3. Generation of primitive macrophage precursors (PMPs)
   1. Prepare PMP base medium, sterile-filter, and store it at 4 °C for up to 1 month.
   2. Coat the wells of a 6-well plate by adding 1 mL of ice-cold Matrigel coating solution and incubate at 37 °C and 5% CO₂ for at least 2 h or preferably overnight.
   3. On day 4 of EB differentiation, transfer the EBs to the Matrigel-coated wells by collecting the EBs with 1 mL pipette tips (using a pipette). Pipette up and down once or twice to dislodge the EBs from the well. Hold the 6-well plate at a tilted angle to allow for the EBs to settle down at the edge of the well.   
      NOTE: Nine or ten EBs can be plated per coated well.
   4. Once all the EBs have settled down, gently pipette and remove the old medium using a 1 mL pipette tip while keeping the EBs at the edge of the well. Add 3 mL of freshly prepared PMP complete medium to each well. Evenly distribute the cells in the wells by manually shuffling the plate side-to-side and back to front. Place the plate in the incubator at 37 °C and 5% CO₂.
   5. Do not disturb the plate for 7 days to allow the EBs to attach to the bottom of the well. After that time, perform a half-medium change using PMP complete medium.     
      NOTE: At this point, most of the EBs should be attached to the plate. Any floating EBs can be removed.

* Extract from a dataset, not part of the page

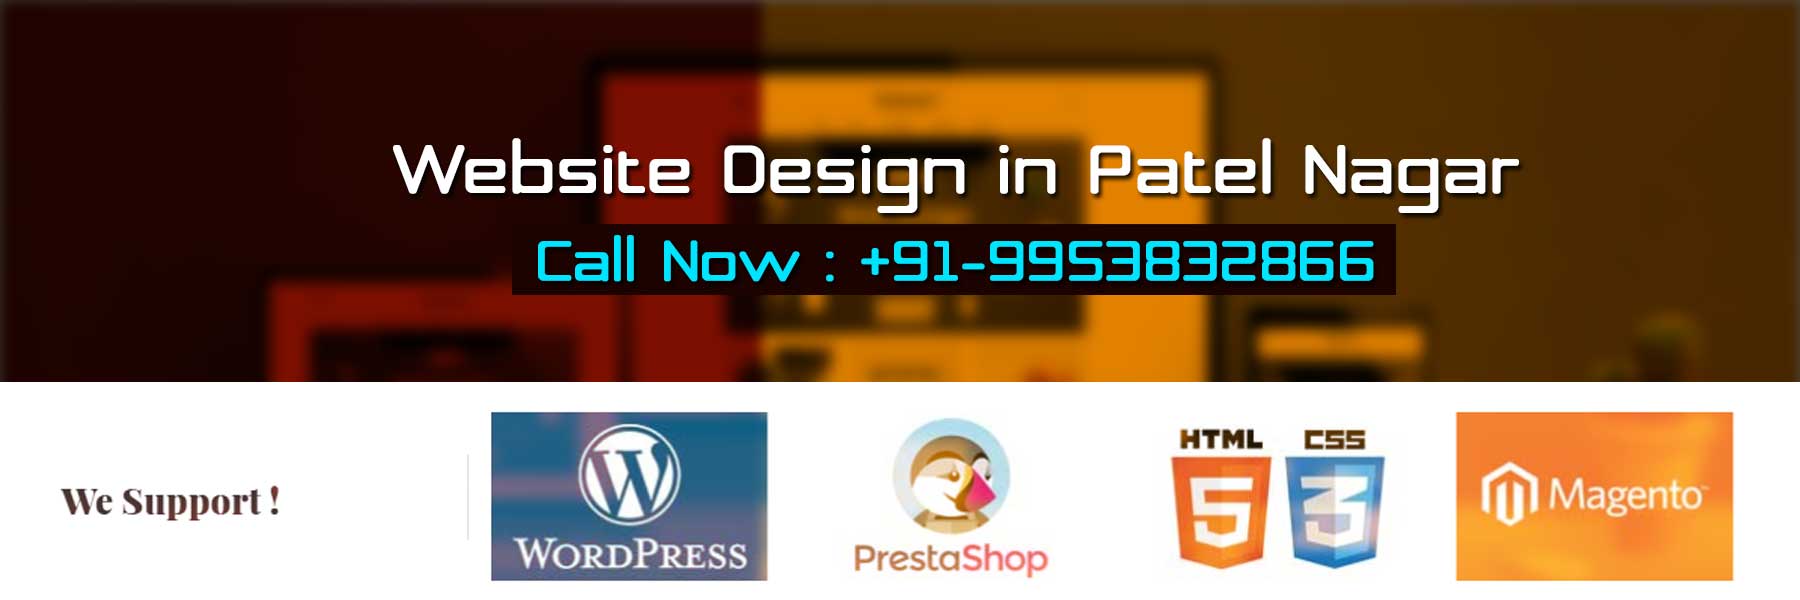 Website Design in Patel Nagar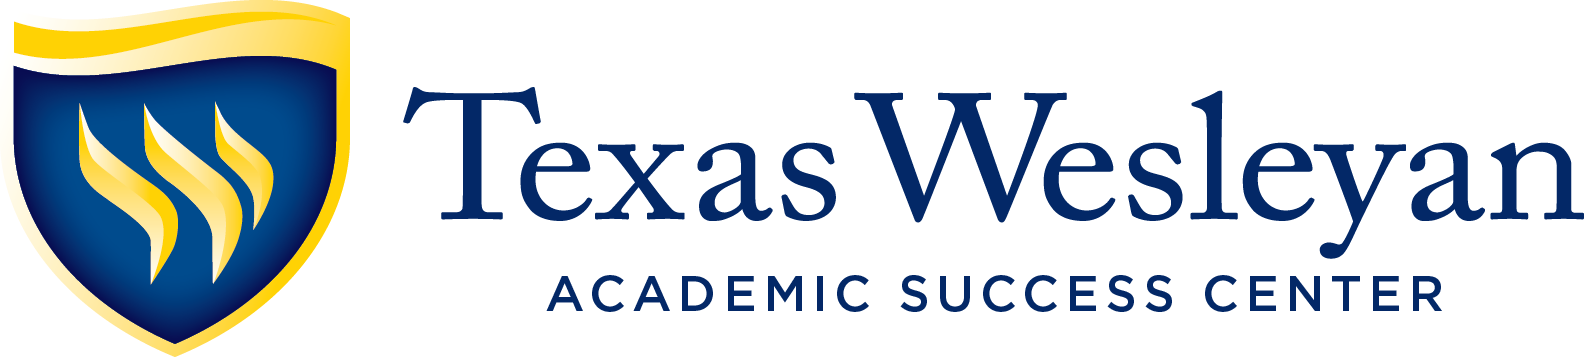 Texas Wesleyan shield logo with Academic Success Center department name

   6. After 5-7 days, inspect the EBs under a light field microscope at 4x magnification to ensure that they are attached to the bottom of the wells. Change the medium as described in 1.2.3.5. On day 21, perform a complete medium change with 3 mL of PMP complete medium.
      NOTE: Myeloid progenitors floating in the medium may be evident at this point. These cells should be discarded during the medium change.
   7. On day 28, look for round cells referred to as PMPs in the supernatant and collect the medium containing the PMPs using a 10 mL pipette and automatic pipettor. Take care not to disturb the EBs. Transfer the PMPs and the medium to a 15 mL conical tube and proceed as described in step 1.2.4.    
      NOTE: Usually PMPs from the same iPSC line can be collected from five wells of a 6-well plate and pooled together in a single 15 mL conical tube.
   8. Add 3 mL of fresh PMP complete medium for further maintenance of the EBs. As PMPs continuously emerge from EBs for more than 3 months, collect them every 4-7 days (do not allow the medium to change color to a yellow tone) as described in steps 1.2.3.7 and 1.2.3.8.
      NOTE: Although PMPs can be collected for several months, they may change their phenotype over time.
4. Differentiation to iMGs
   1. Prepare iMG base medium (Table of Materials), sterile-filter and store it at 4 °C for up to 3 weeks.
   2. Once the PMPs have been collected into a 15 mL conical tube, centrifuge them at 200 × g for 4 min. Aspirate the supernatant and resuspend the PMPs using 1-2 mL of iMG basal medium. Count the cells using a hemocytometer by taking a small aliquot and diluting 1:1 with Trypan blue.
      ​NOTE: 0.5-1.5 × 10⁶ PMPs are normally obtained every week depending on the iPSC line and the age of the EB culture.
   3. Centrifuge the rest of the cells again at 200 × g for 4 min. Dilute the PMPs to the desired concentration such that cells are plated at a density of ~10⁵/cm² on cell culture-treated plates using freshly prepared iMG complete medium. Perform a half-medium change using freshly prepared iMG complete medium every 3-4 days throughout 10-12 days to allow for terminal differentiation.
      NOTE: At this point, the cells should acquire microglia-like morphology. To confirm the commitment of PMPs to microglia fate, immunofluorescence analysis is performed to corroborate the expression of microglia-enriched markers such as purinergic receptor P2RY12 and transmembrane protein 119 (TMEM119).
   4. To preserve cell health and viability, perform all the experiments between days 10 to 12 of iMG differentiation.